Akan tetapi sebagai bangsa yang menghargai demokratisasi yang berjalan,
keputusan MK harus dimaknai sebagai sebuah konsekuensi yang logis. Hasil
keputusan MK sebenarnya jika dilihat secara positif sebenarnya dapat disiasati
dengan beberapa strategi sehingga keputusan MK tidak mengorbankan
kepentingan perempuan. Pertama, perlu diadakan pembekalan secara intensif
kepada caleg-caleg perempuan agar mereka siap bertarung dalam pemilu,
diantaranya dalam pelatihan (Trainning), seminar, diskusi kelompok (groups
discussion) yang muaranya adalah pecerahan politik terhadap caleg-caleg
perempuan.
Kedua, seluruh caleg perempuan harus didorong untuk mempunyai
optimisme yang tinggi untuk mengetahui bahwa mereka bisa bertarung dengan
caleg-caleg lain, terutama caleg-caleg laki-laki. Sebaiknya pendapat yang
mengatakan bahwa kesempatan caleg perempuan akan semakin terhimpit akibat
dari keputusan MK dapat dijadikan sebagai cambuk untuk membangkitkan gelora
perjuangan perempuan untuk meraih kursi parlemen.

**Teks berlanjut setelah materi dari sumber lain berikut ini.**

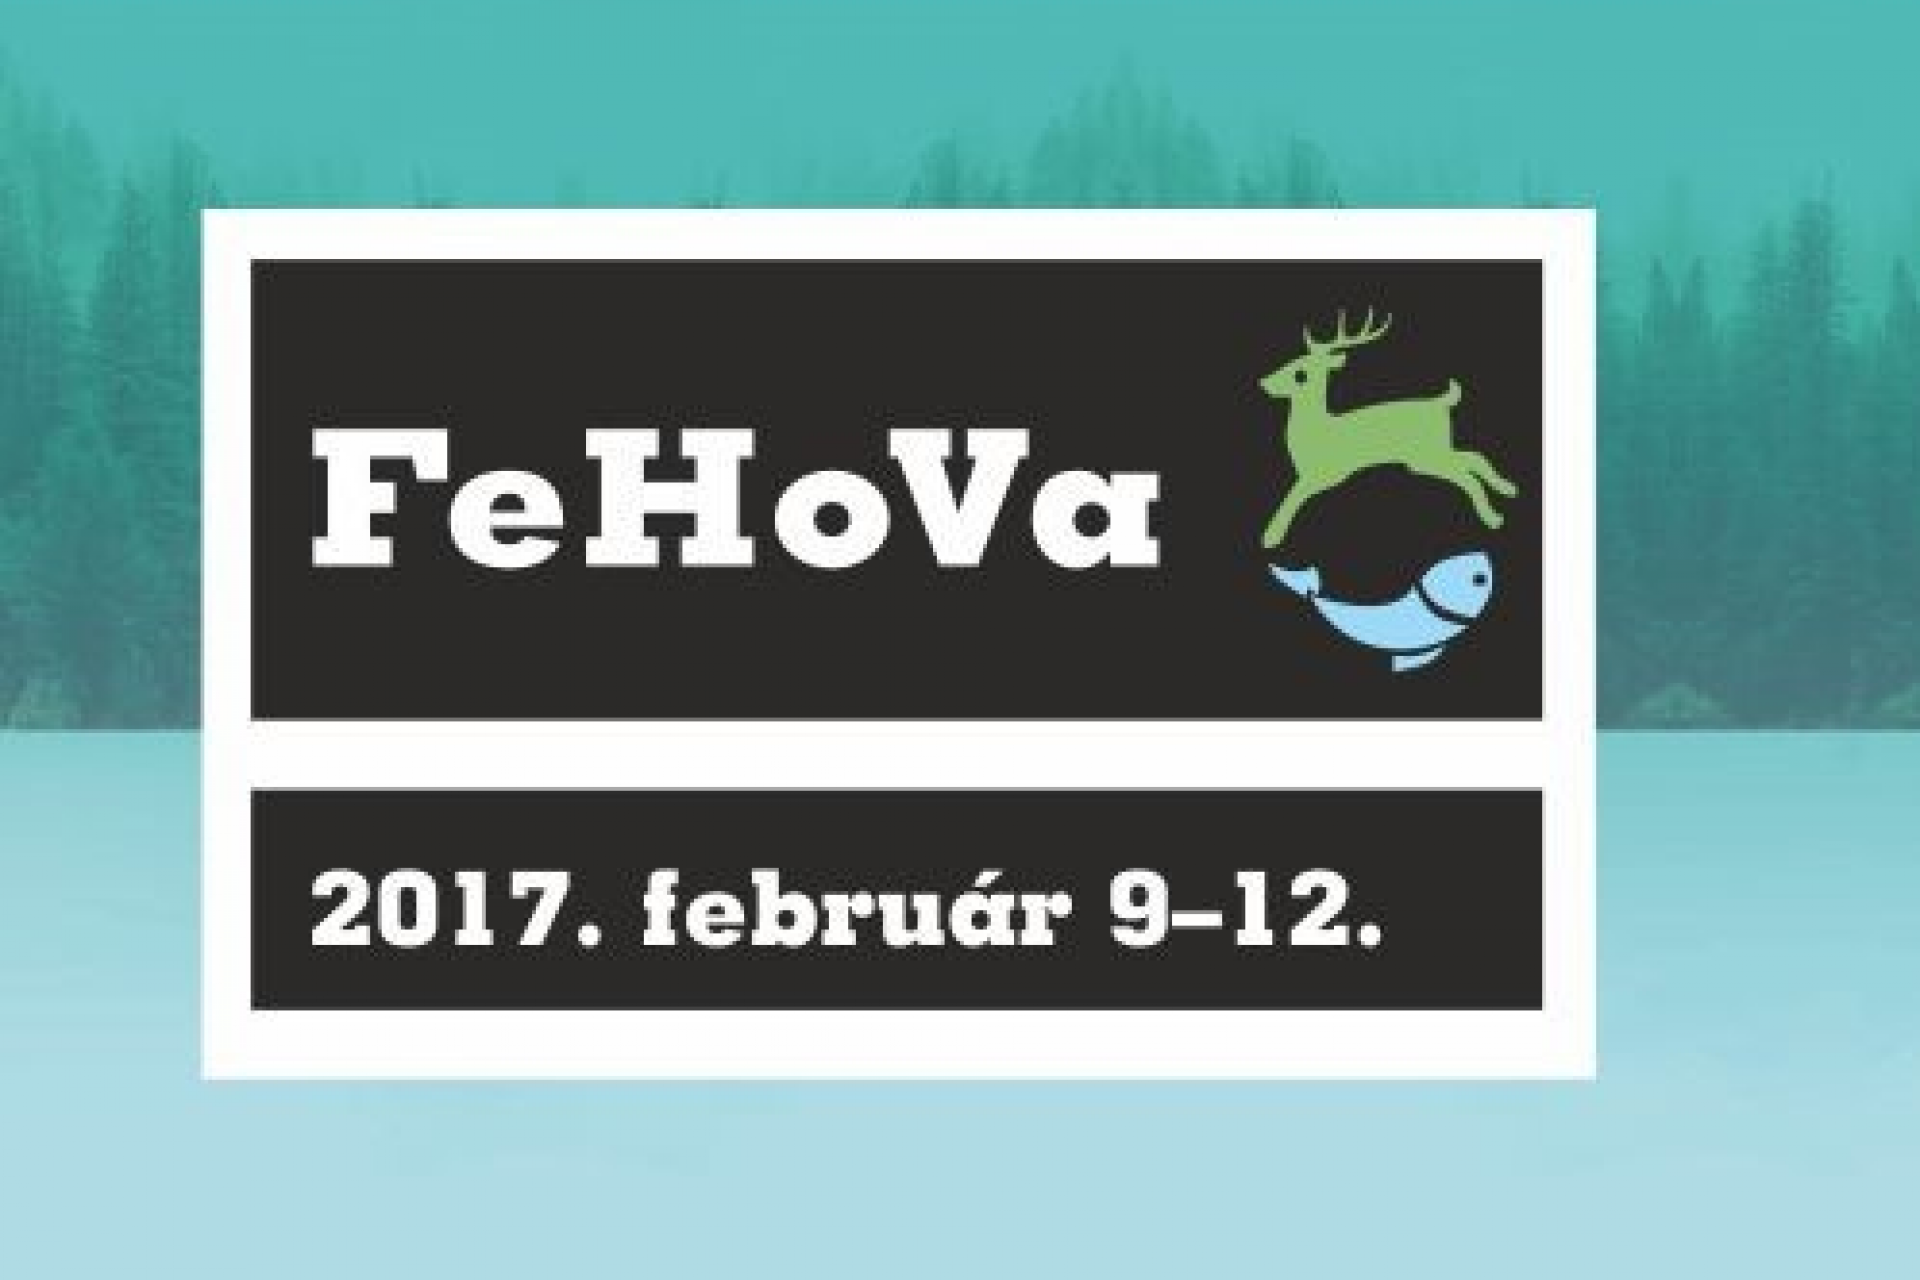 FeHoVa - Jöjjön el barátaival, kollégáival, családtagjaival, és nézze végig kiállítóink ajánlatait, hiszen számos újdonsággal, érdekességgel, praktikus ötletekkel, hasznos kiegészítőkkel és vásárfiának valóval várják az érdeklődőket!

Pemilihan calon anggota legislatif secara langsung pada saat ini dapat
dikatakan sebagai suatu kemenangan demokrasi masyarakat terhadap demokrasi
perwakilan. Karena rakyat dapat memilih wakilnya secara langsung. Melalui
rakyat tidak lagi harus seperti membeli kucing dalam karung, karena selama ini
rakyat hanya memilih partai politiknya saja, kemudian partai yang akan
menentukan siapa calon yang akan duduk sebagai anggota legislatif.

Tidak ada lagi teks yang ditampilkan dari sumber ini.